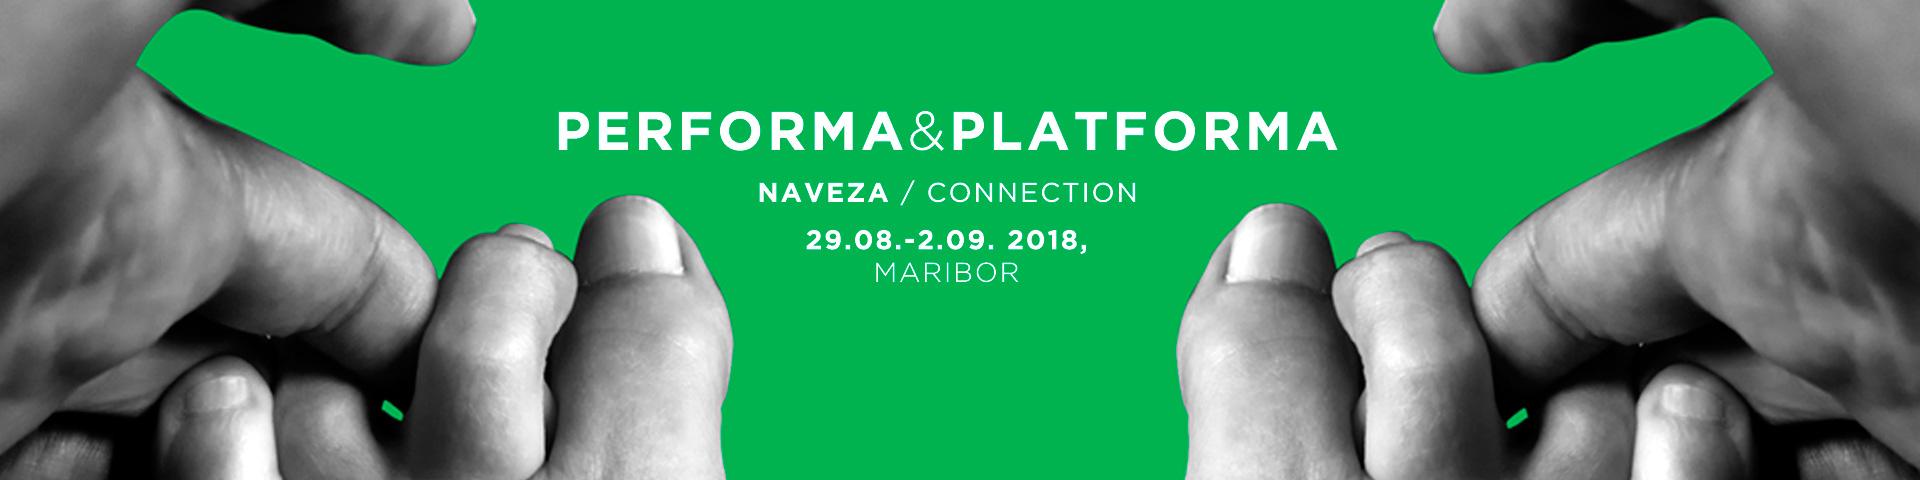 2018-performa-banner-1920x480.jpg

...

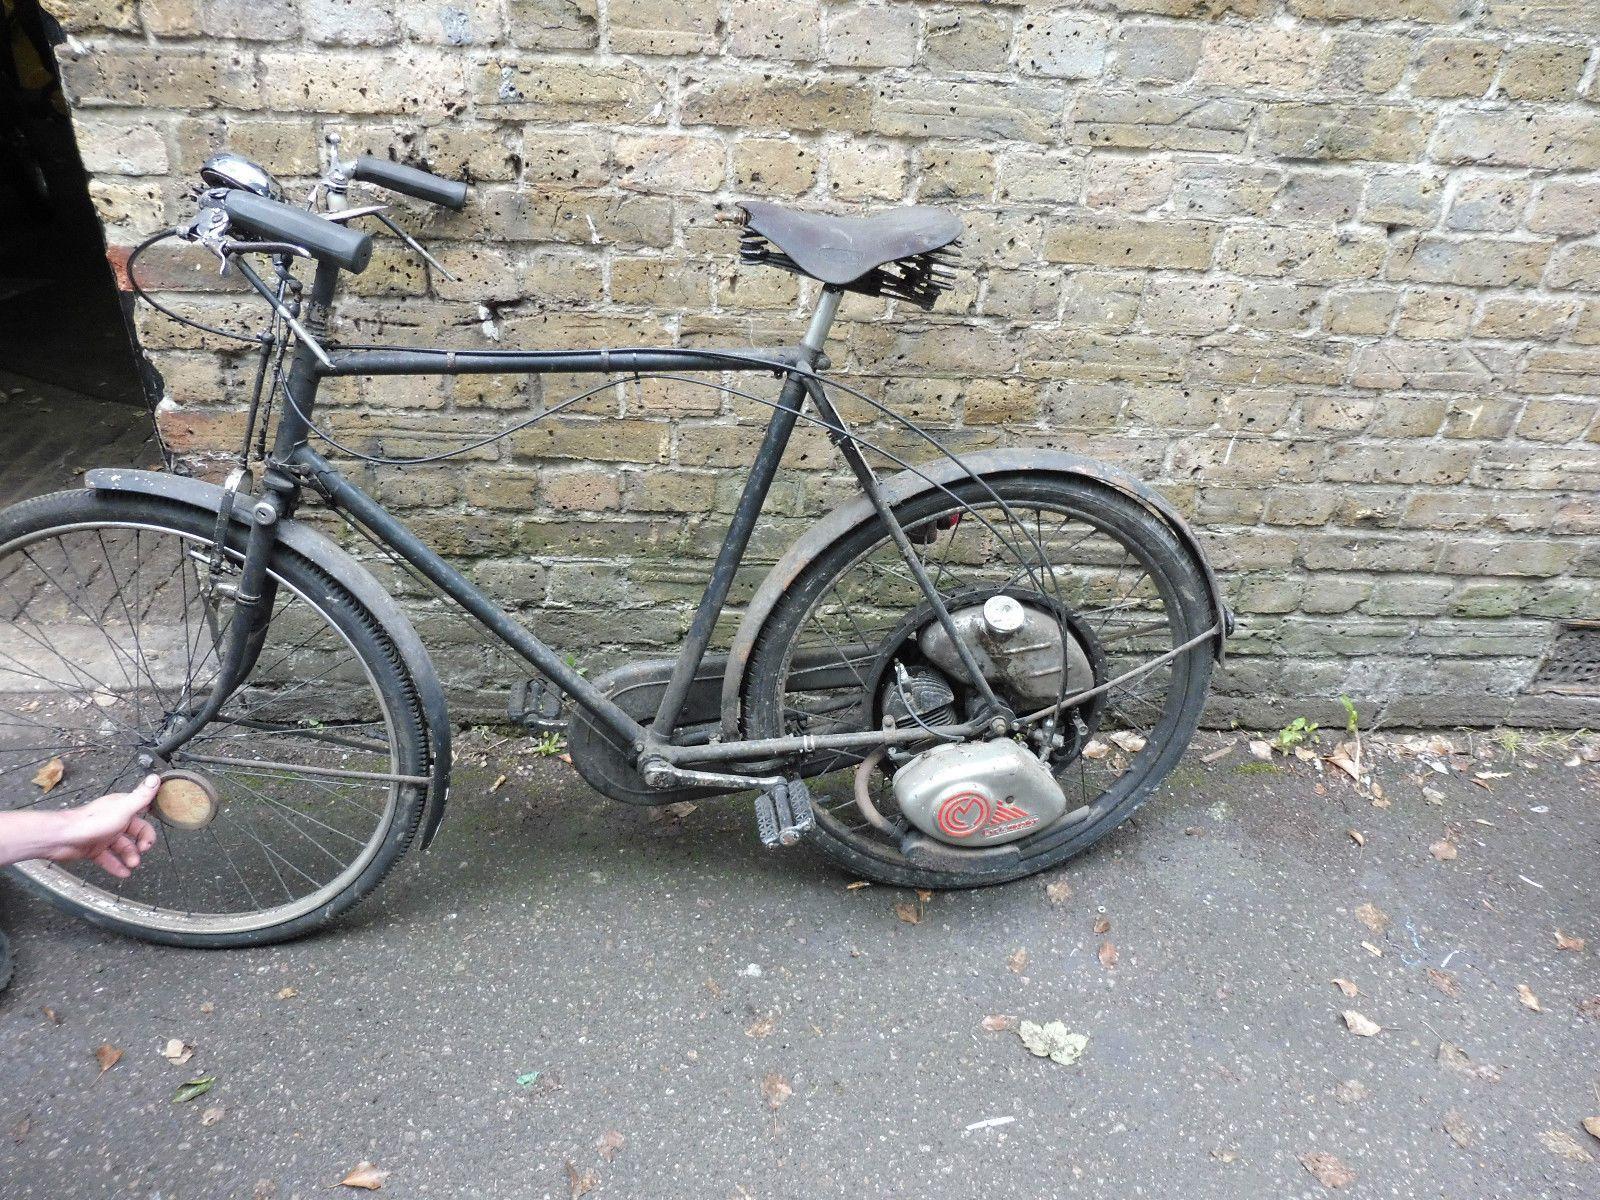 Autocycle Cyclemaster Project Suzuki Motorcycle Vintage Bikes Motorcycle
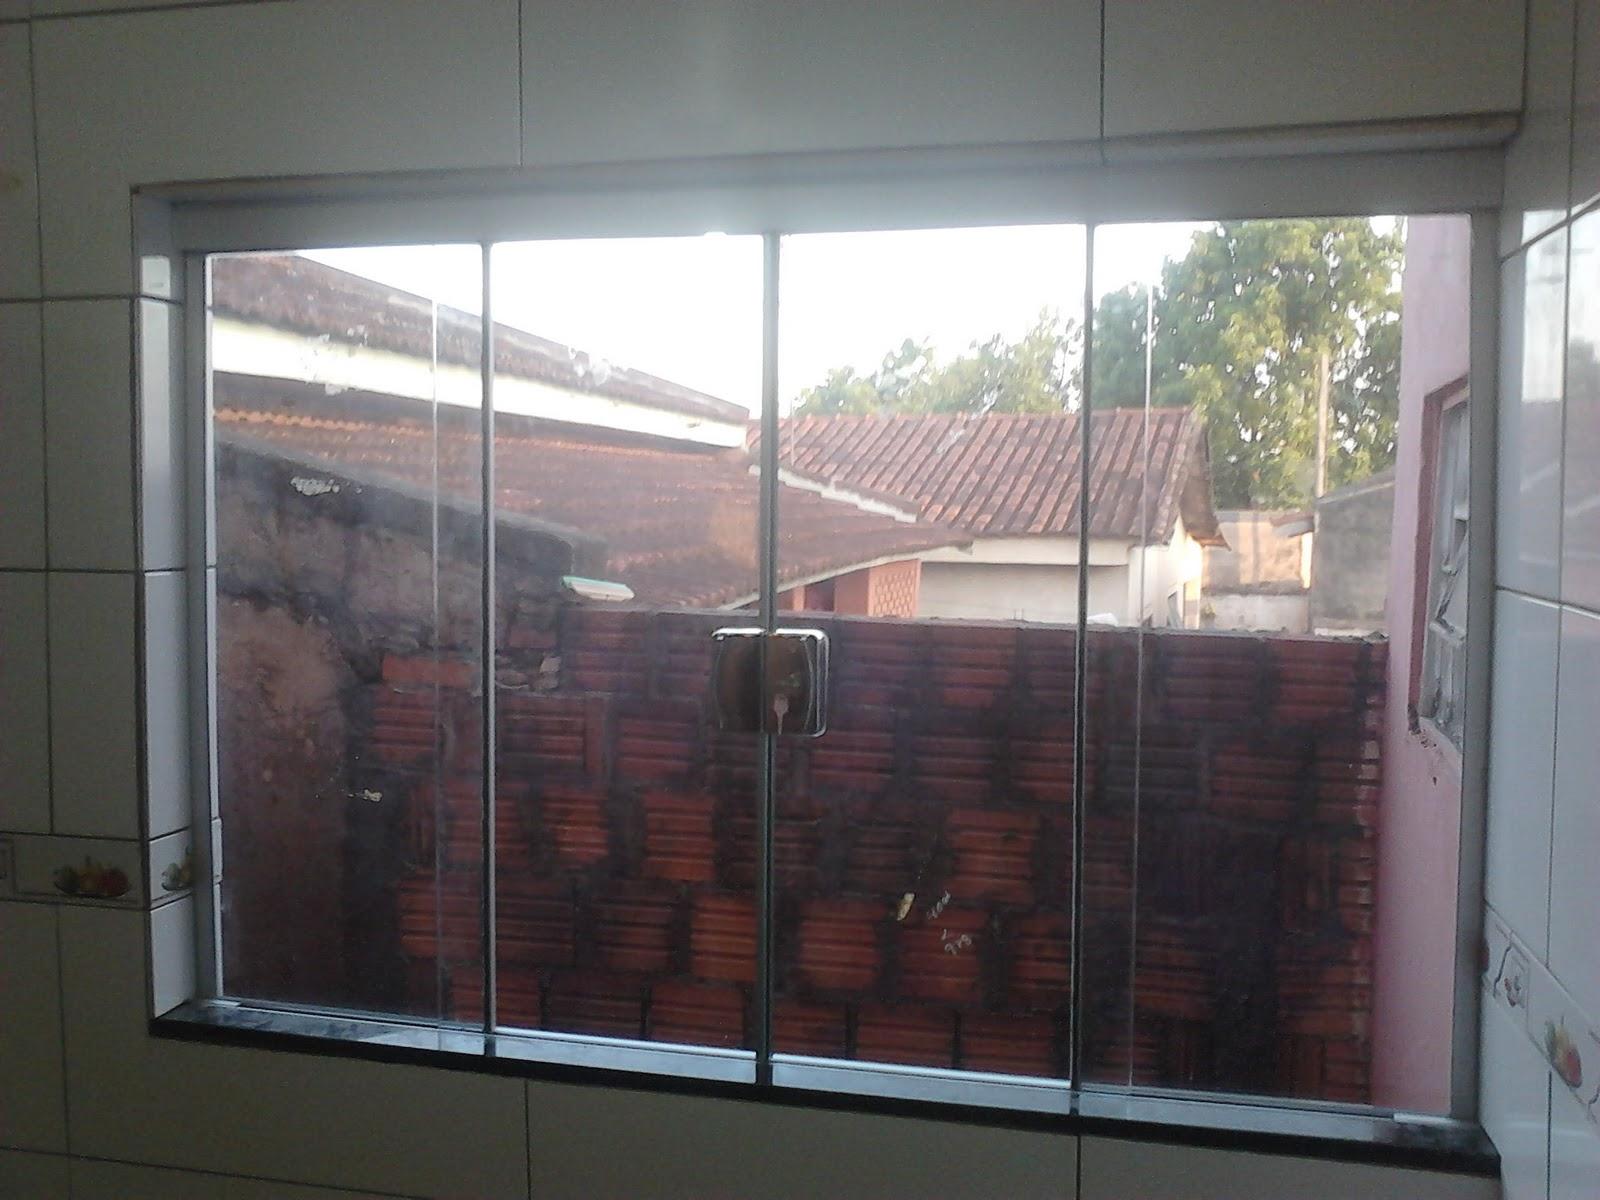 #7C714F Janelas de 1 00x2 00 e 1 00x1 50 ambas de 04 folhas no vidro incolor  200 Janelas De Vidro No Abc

--

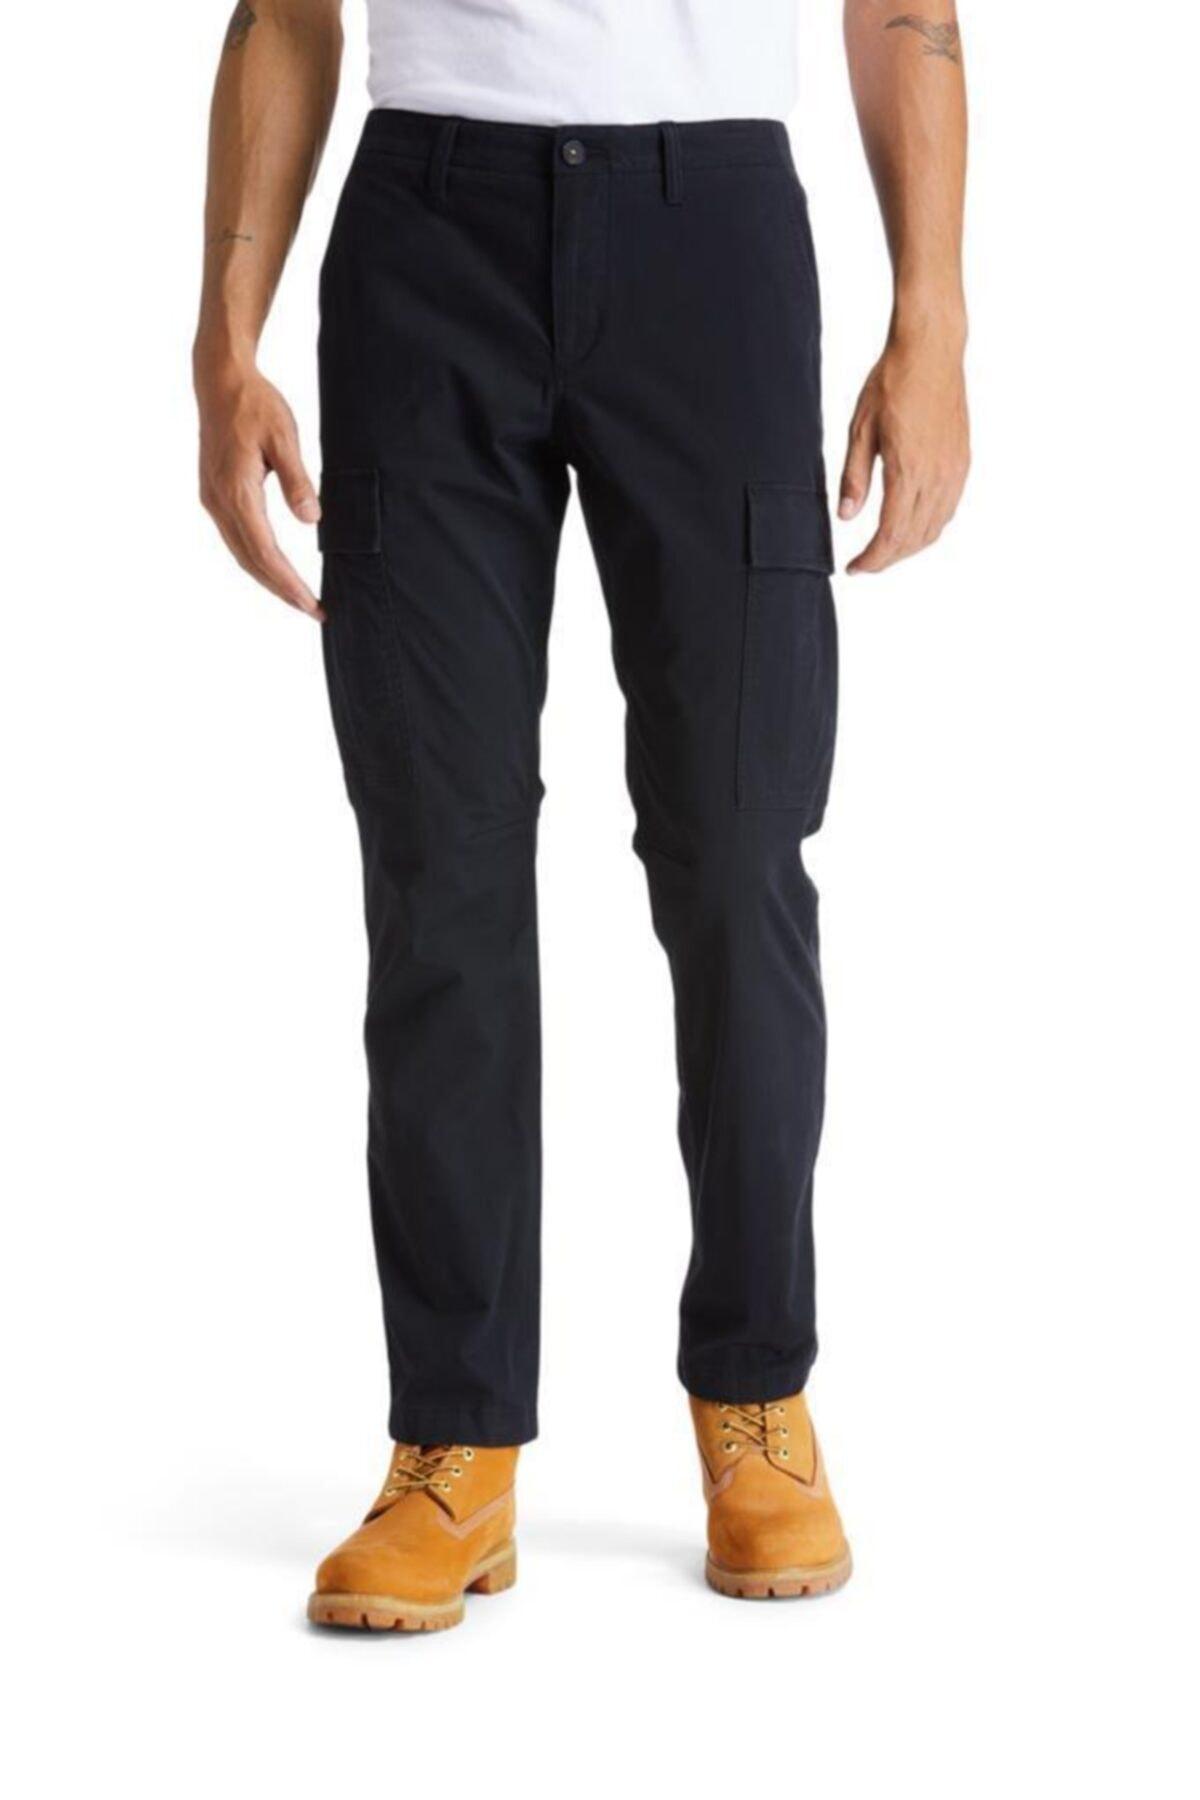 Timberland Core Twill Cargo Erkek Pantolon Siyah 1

_EXERCISE REQUIREMENTS_
Quote the data above exactly from the line with "Autocycle Cyclemaster Project" to the line with "#7C714F Janelas de", both ends counted, and nothing else. Pictures don't go in.

_WRITTEN SOLUTION_
 Autocycle Cyclemaster Project Suzuki Motorcycle Vintage Bikes Motorcycle
 #7C714F Janelas de 1 00x2 00 e 1 00x1 50 ambas de 04 folhas no vidro incolor  200 Janelas De Vidro No Abc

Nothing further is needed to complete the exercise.